Data block START
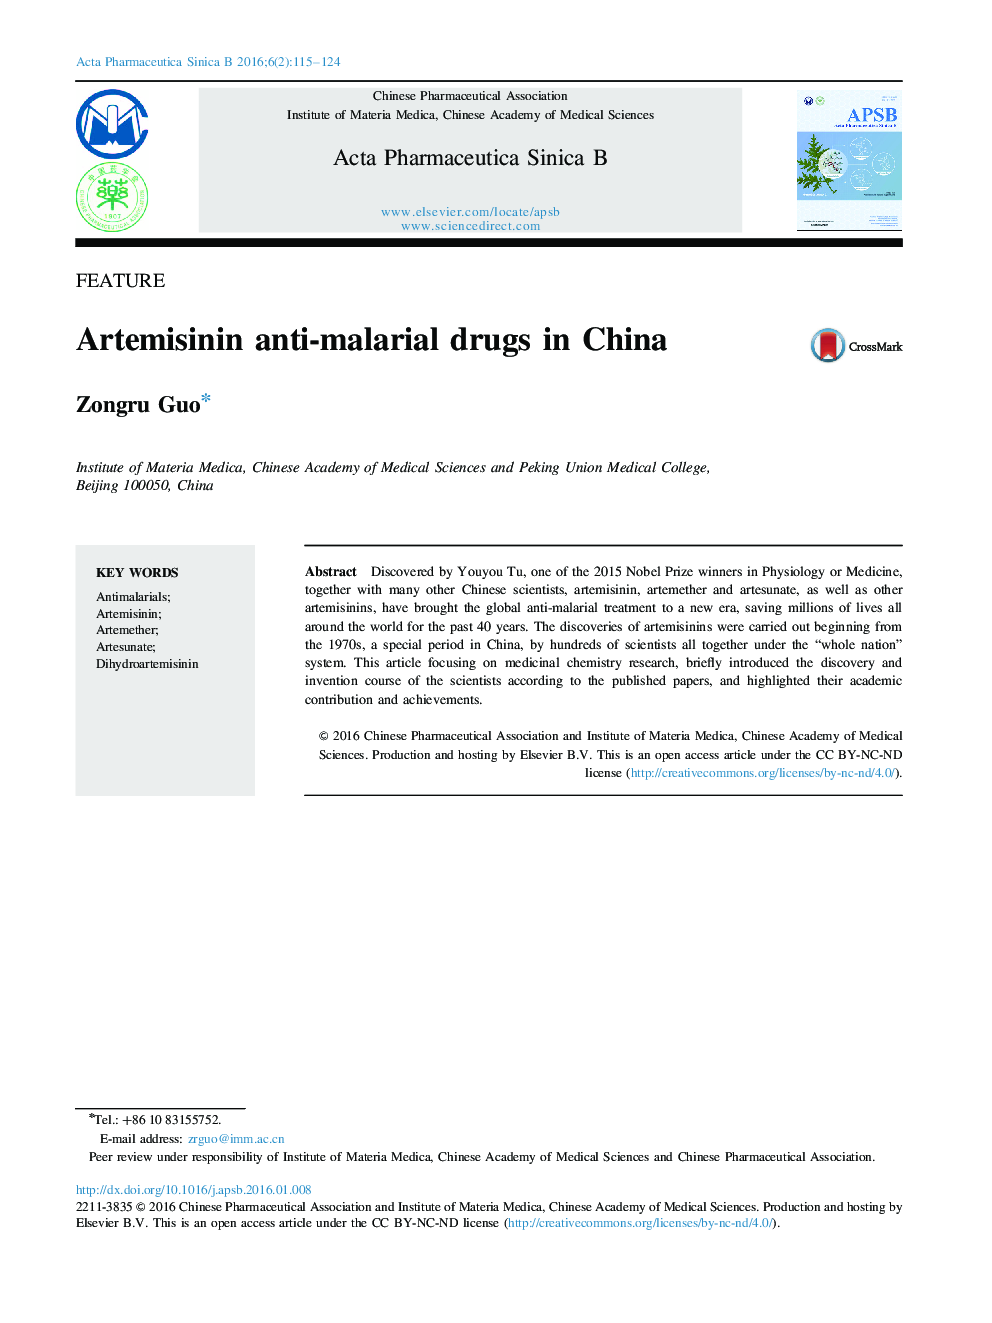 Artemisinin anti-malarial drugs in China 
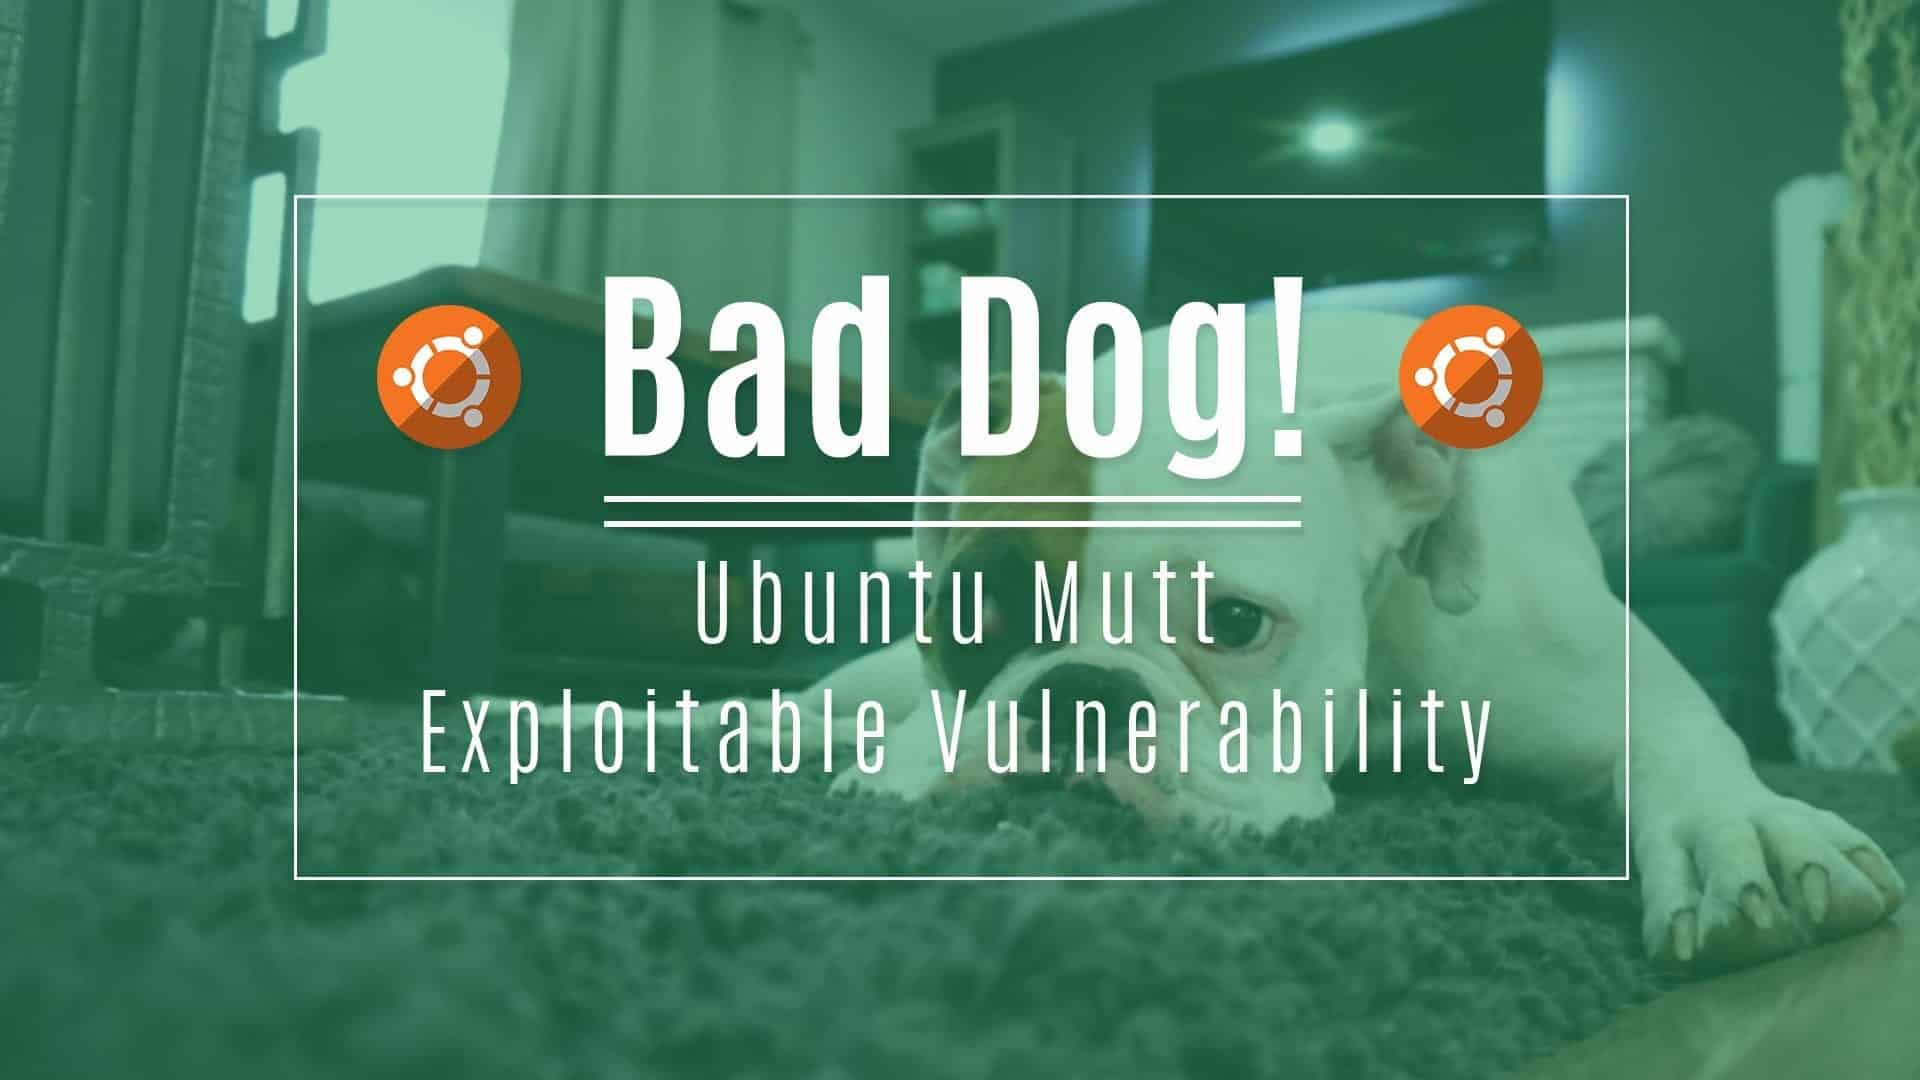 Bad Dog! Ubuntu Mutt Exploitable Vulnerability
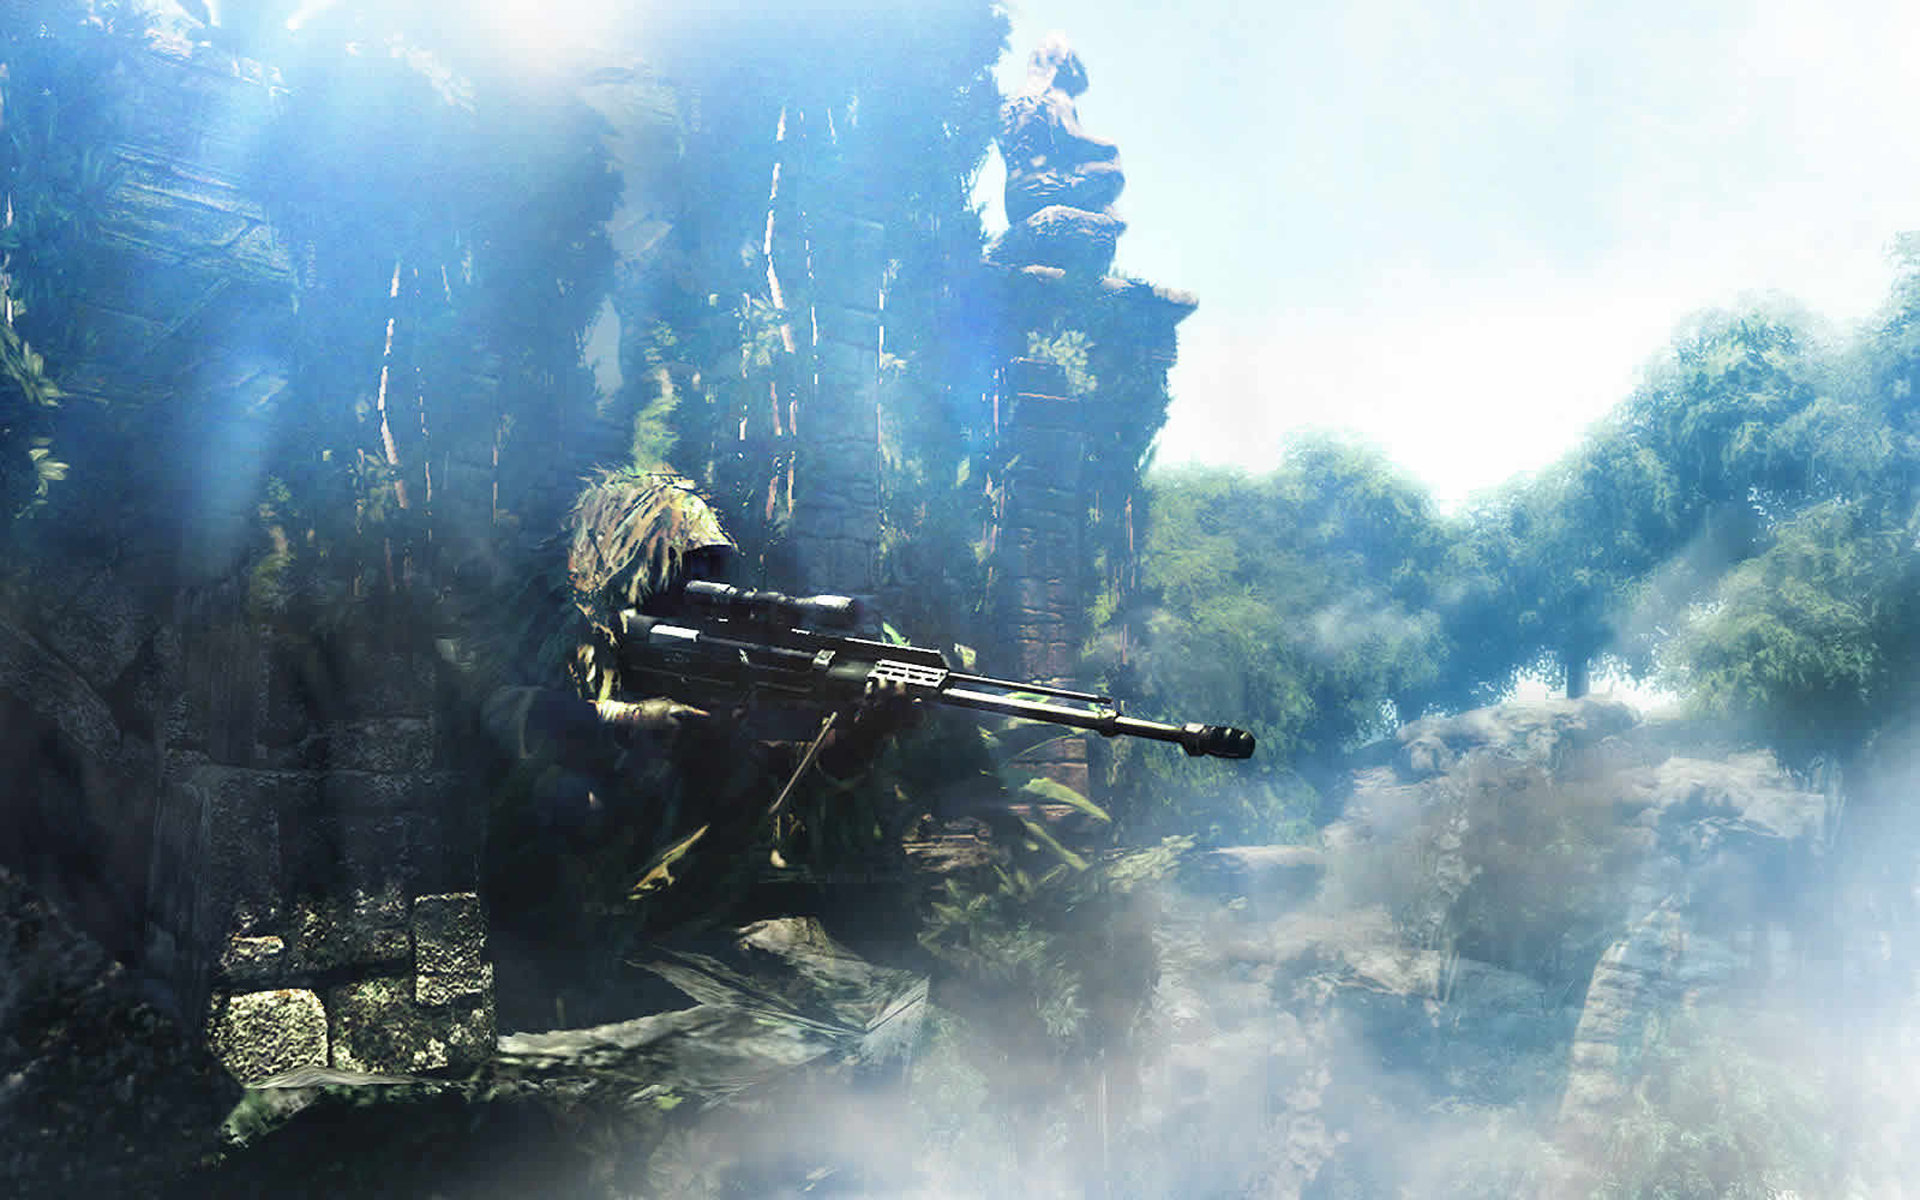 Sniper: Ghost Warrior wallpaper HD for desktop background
Data block END
* Task statement *
Print the data above in full and exactly as it appears, skipping the pictures.

* Output *
 Artemisinin anti-malarial drugs in China 
 Bad Dog! Ubuntu Mutt Exploitable Vulnerability
 Sniper: Ghost Warrior wallpaper HD for desktop background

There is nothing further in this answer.